## Data supplied
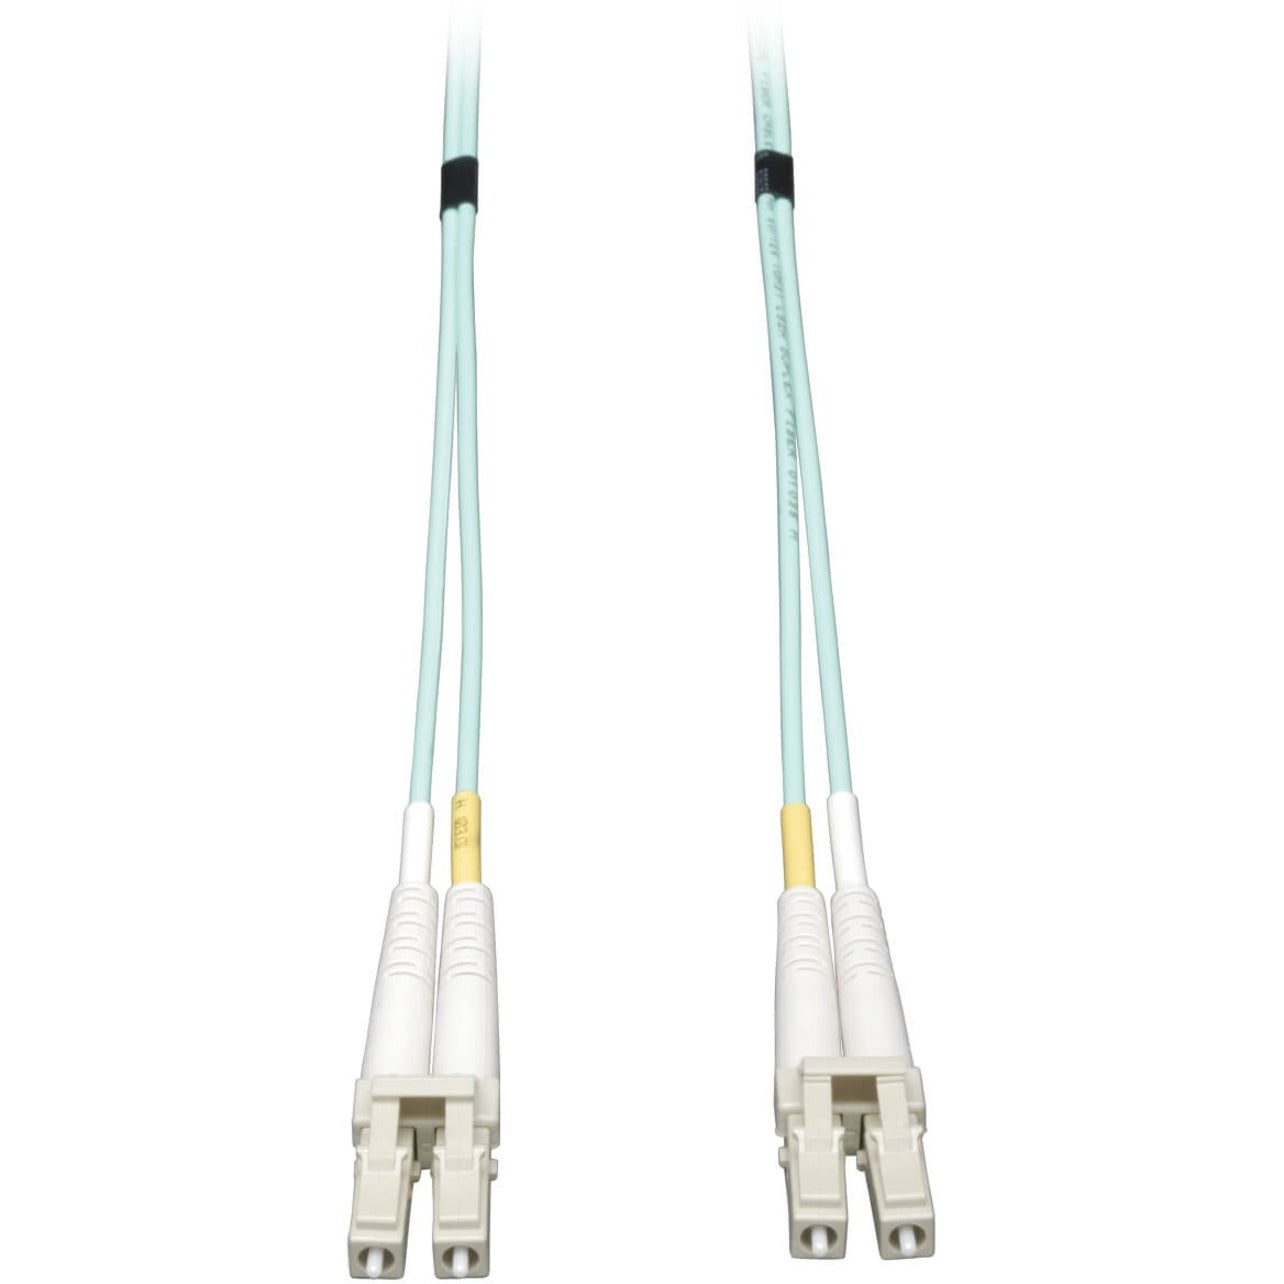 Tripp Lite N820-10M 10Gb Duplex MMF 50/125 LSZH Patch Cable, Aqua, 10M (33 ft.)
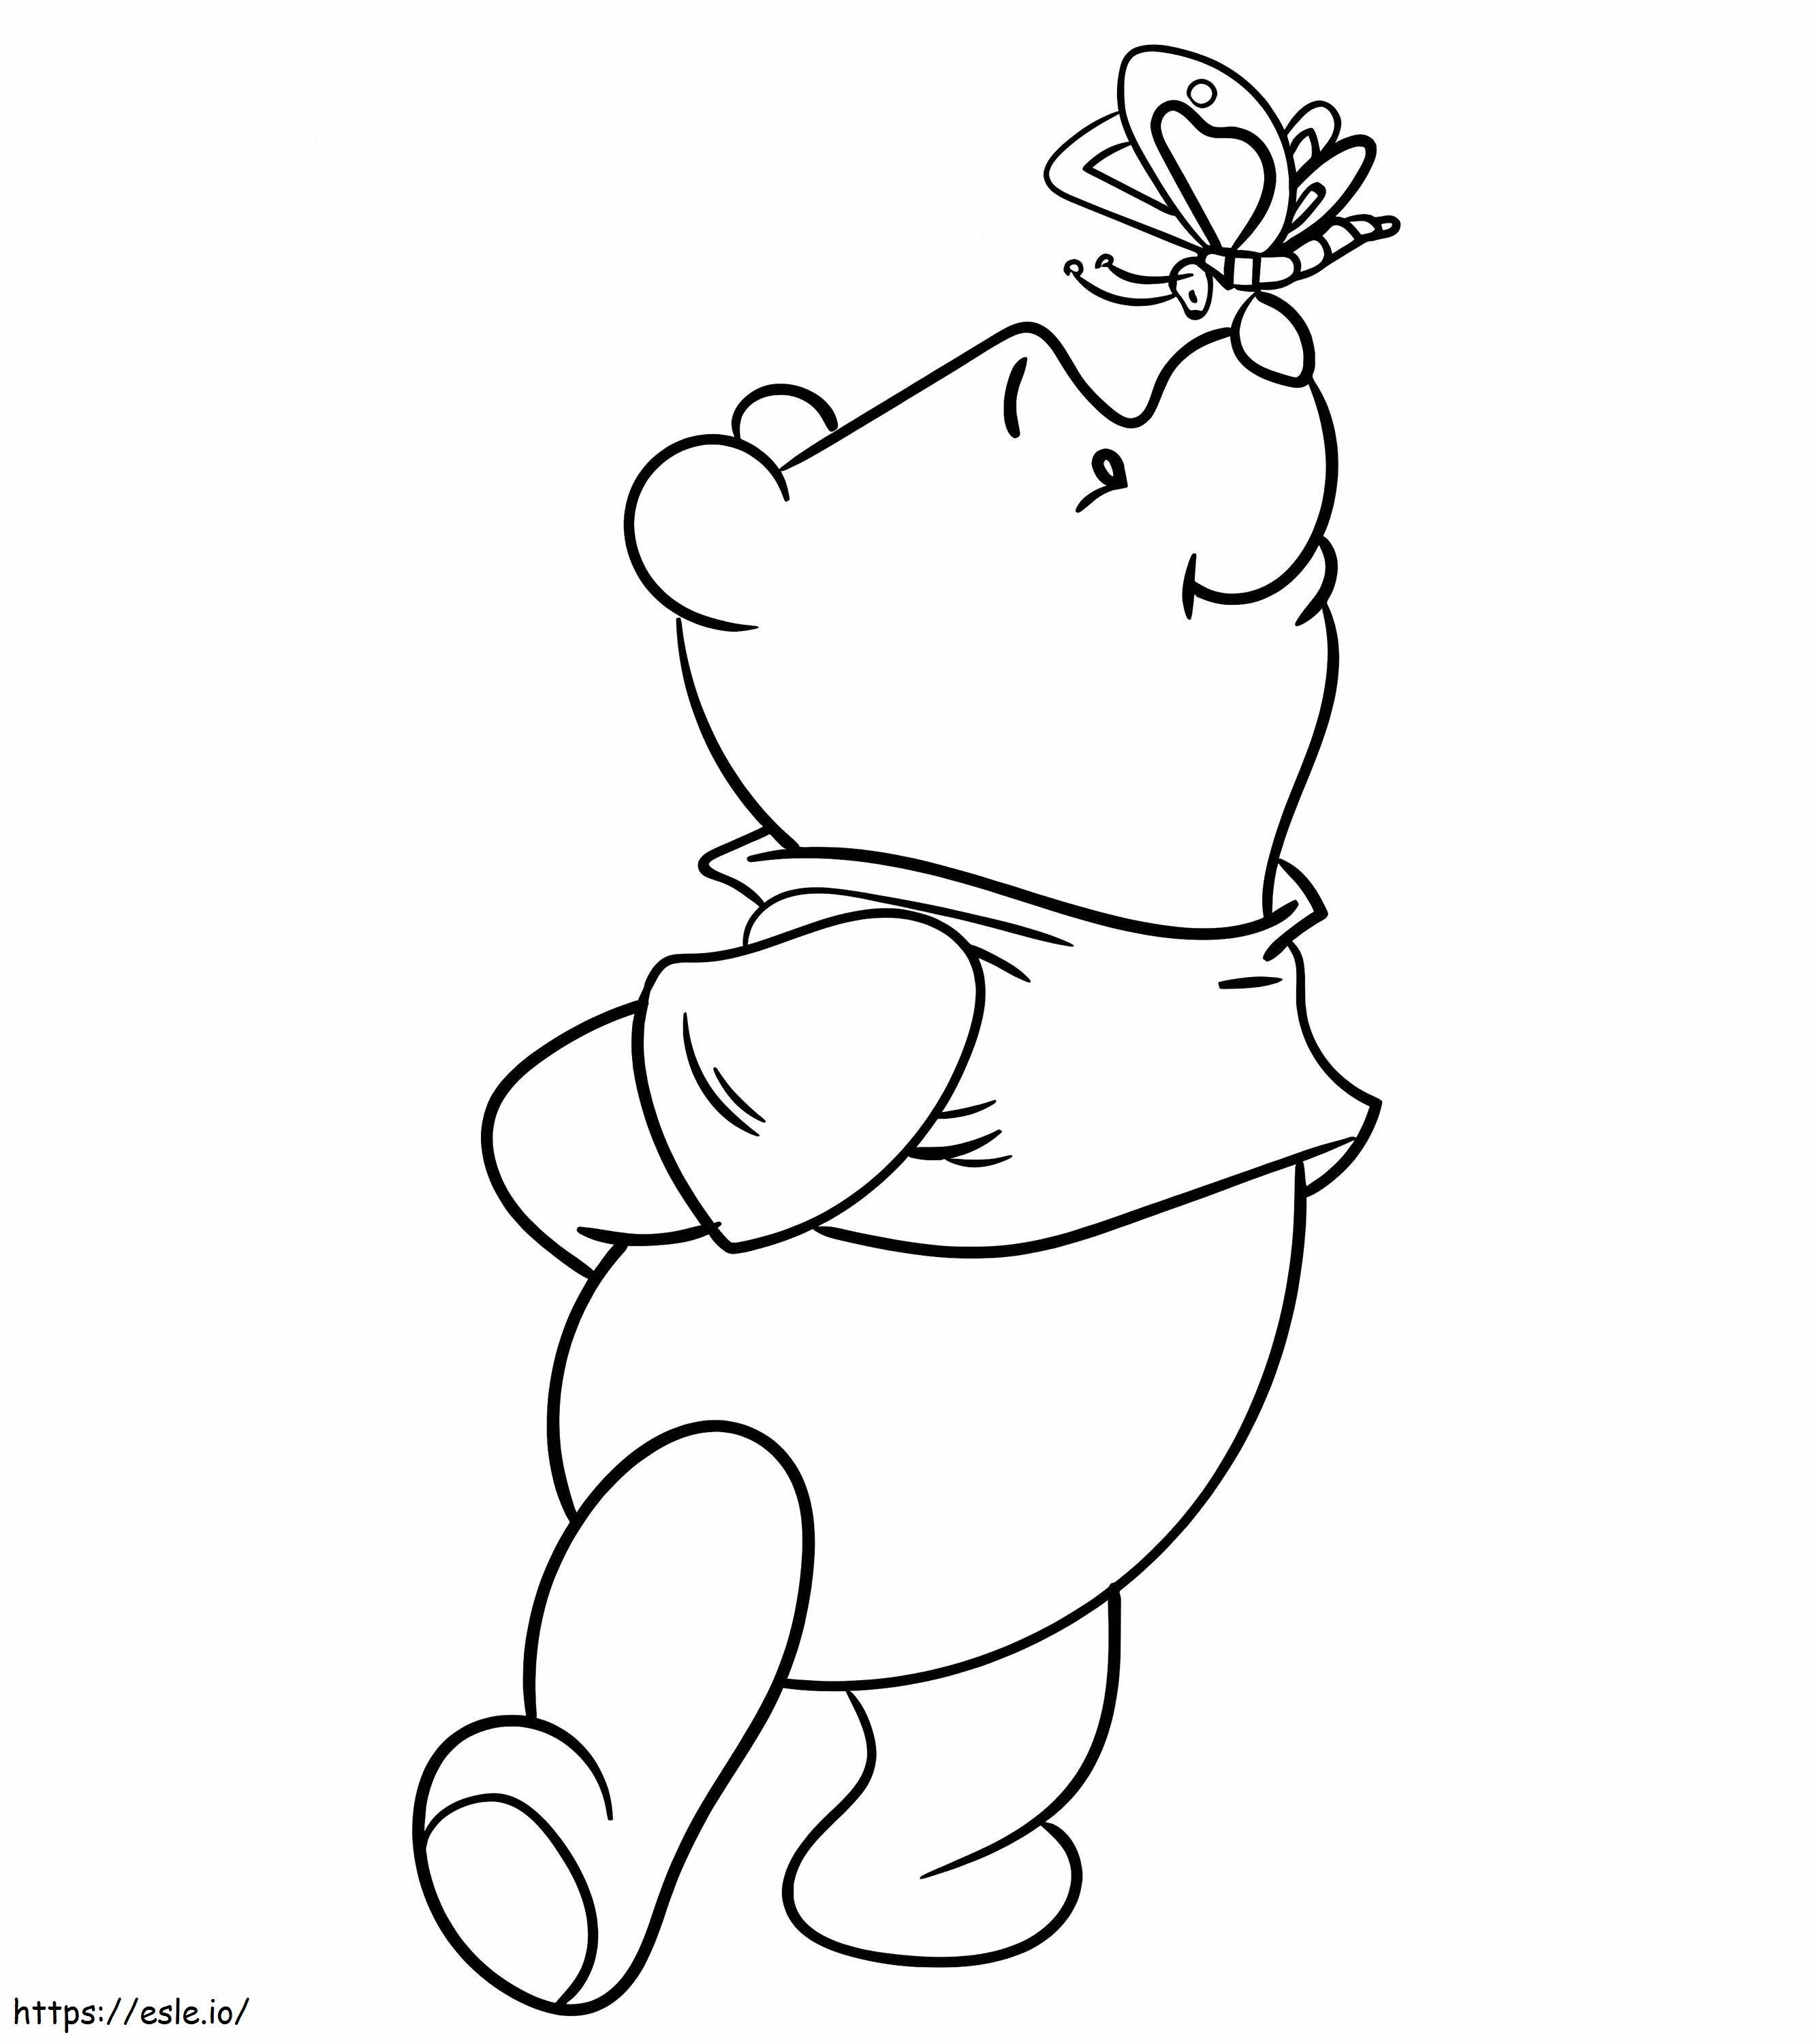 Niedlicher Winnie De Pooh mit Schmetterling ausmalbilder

...

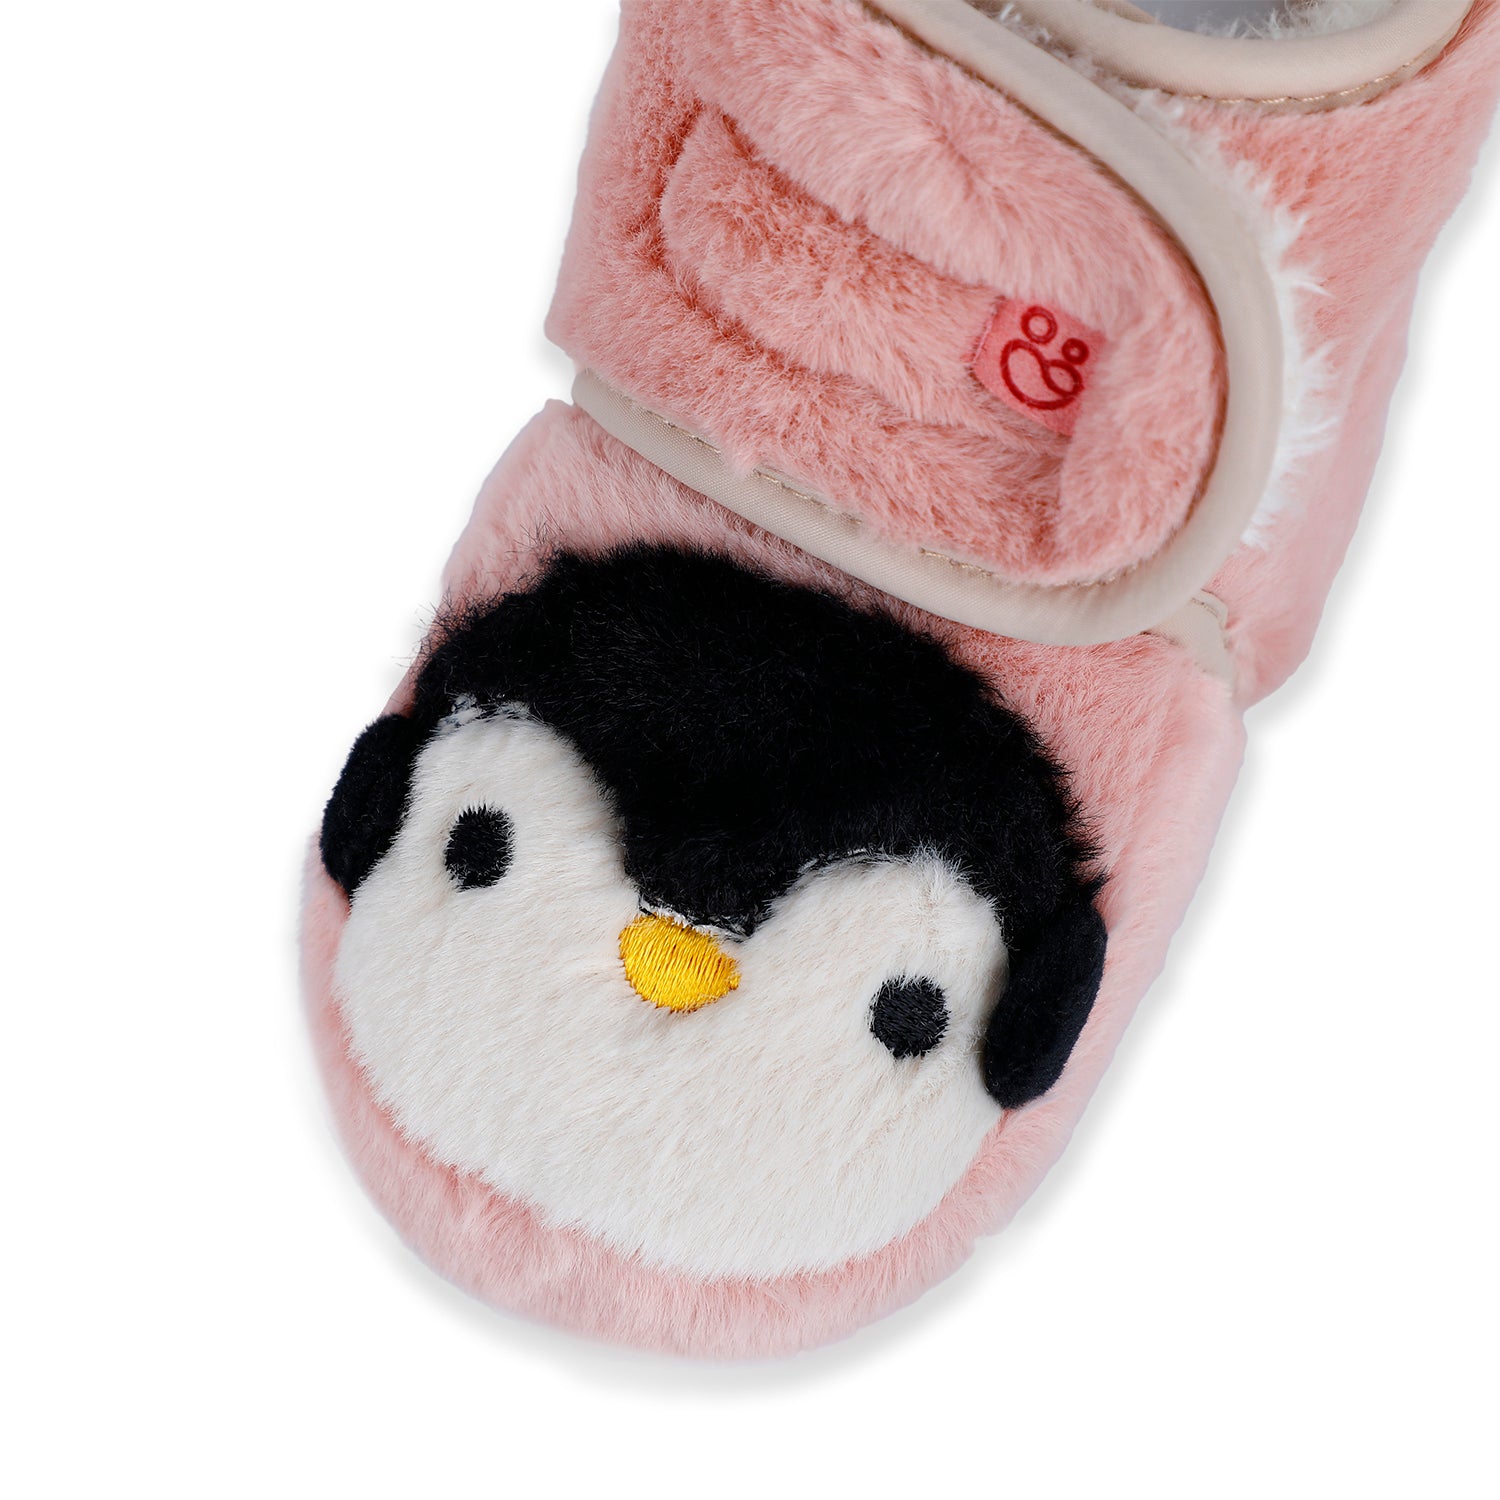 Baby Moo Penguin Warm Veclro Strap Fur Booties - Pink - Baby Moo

## Problem details
Because only one stretch of the records is wanted, please output the lines from the one holding "Tripp Lite N820-10M" through the one holding "Niedlicher Winnie De" exactly, both included, and leave every picture out.

## Expected output
 Tripp Lite N820-10M 10Gb Duplex MMF 50/125 LSZH Patch Cable, Aqua, 10M (33 ft.)
 Niedlicher Winnie De Pooh mit Schmetterling ausmalbilder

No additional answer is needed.